Over the past year, the AI world has embraced the idea of “treating AI agents like interns.” Executives from Big Tech, such as Microsoft and Salesforce, have urged companies to temper expectations and assign AI small, simple tasks, as if the technology is still earning trust.

However, limiting AI to “intern” duties leads to equally limited outcomes. If you treat AI as minor support, your results will reflect that level of ambition: routine, generic, and easy to replace. The real value of AI becomes most apparent when you push it beyond efficiency and cost savings, expecting stepped-up business results. Companies that ask AI to deliver on meaningful objectives unlock a true competitive advantage.

Silicon Valley’s biggest companies are already planning to pour $400 billion into AI efforts this year. While this eye-popping Big Tech investment and the branded products they offer may appeal to decision-makers, the results often lack specificity, domain expertise, and clear objectives. These platforms handle questions and automate summaries like an intern, but don’t move the needle when it comes to impact and outcomes.

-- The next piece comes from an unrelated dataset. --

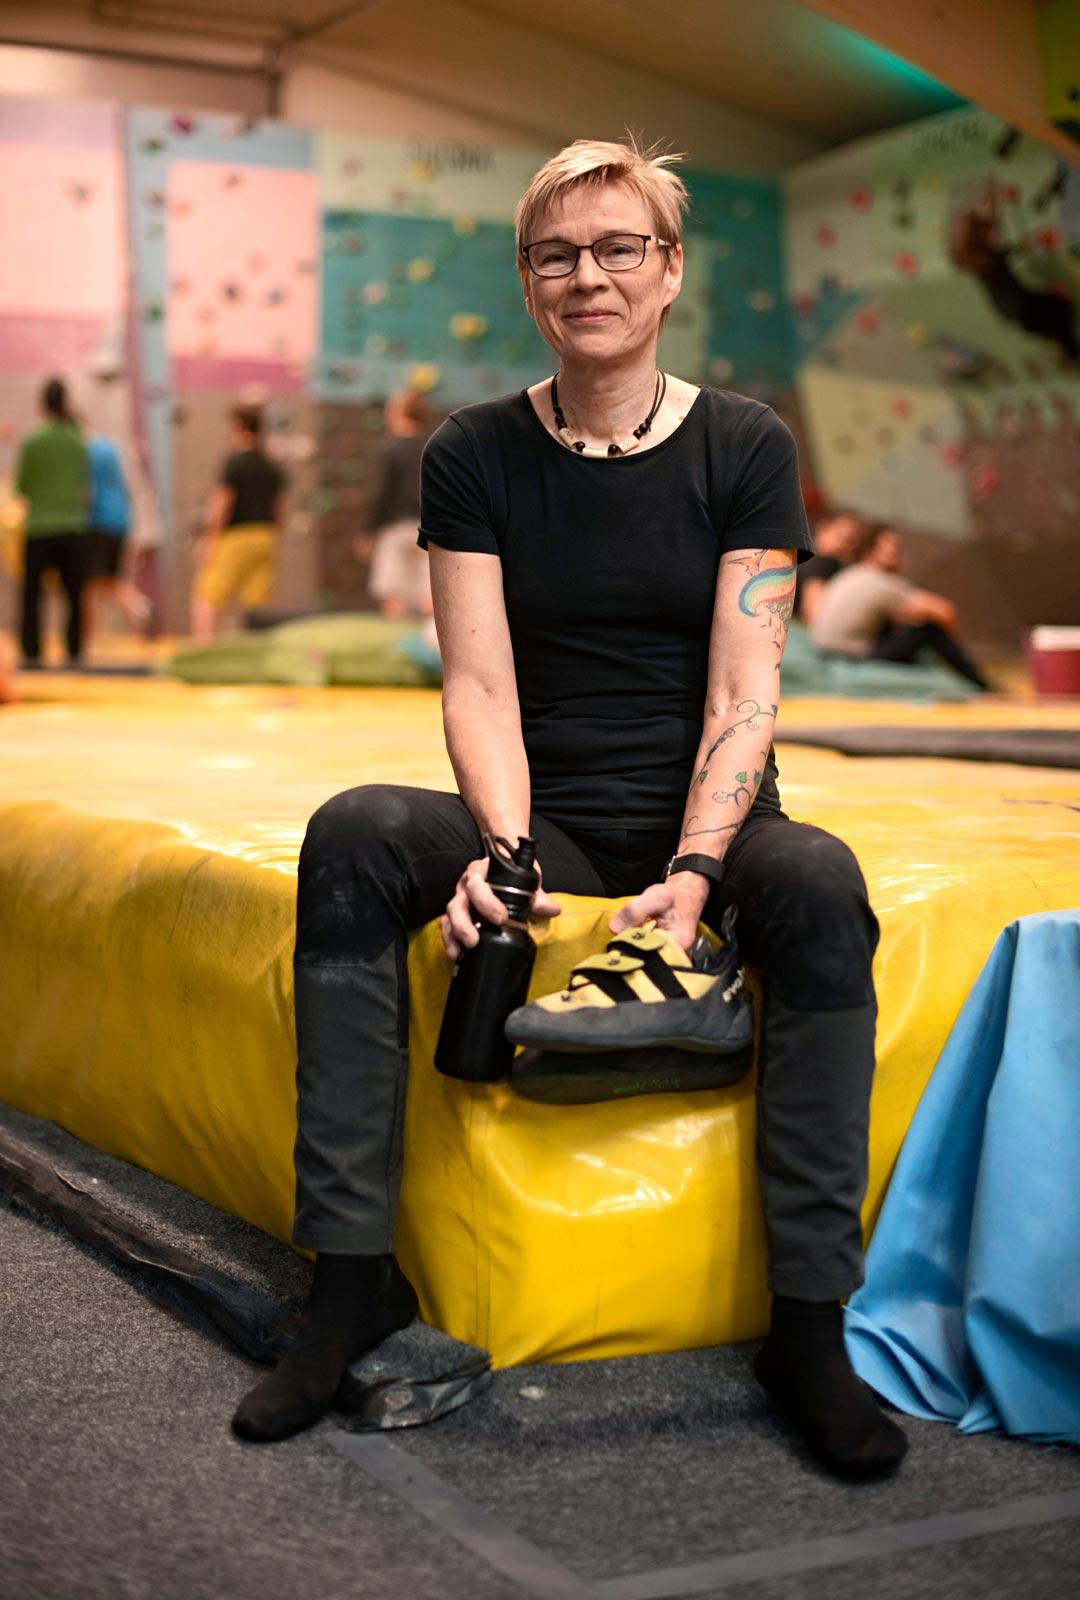 Eija Tuovila harrastaa myös juoksua ja käy kuntosalilla. Seinäkiipeily tukee hyvin muuta urheilua.

As a specialized provider focused on sports, entertainment, and tourism, we look at AI agents as experienced coworkers who should perform as revenue-driving specialists with clear objectives. The right configuration makes them more than virtual helpers. They act as collaborators, each focused on a key result, tracked by business units that matter to senior leadership.

Consider what occurs at a sports stadium. The usher can direct you to the concession stand,  but most cannot draw you a map, or optimize your route through the retail store or upsell you on premium items. You would not rely on a new intern to redesign an entire fan journey or maximize stadium sales. Setting the bar low for your technology does your business no favors.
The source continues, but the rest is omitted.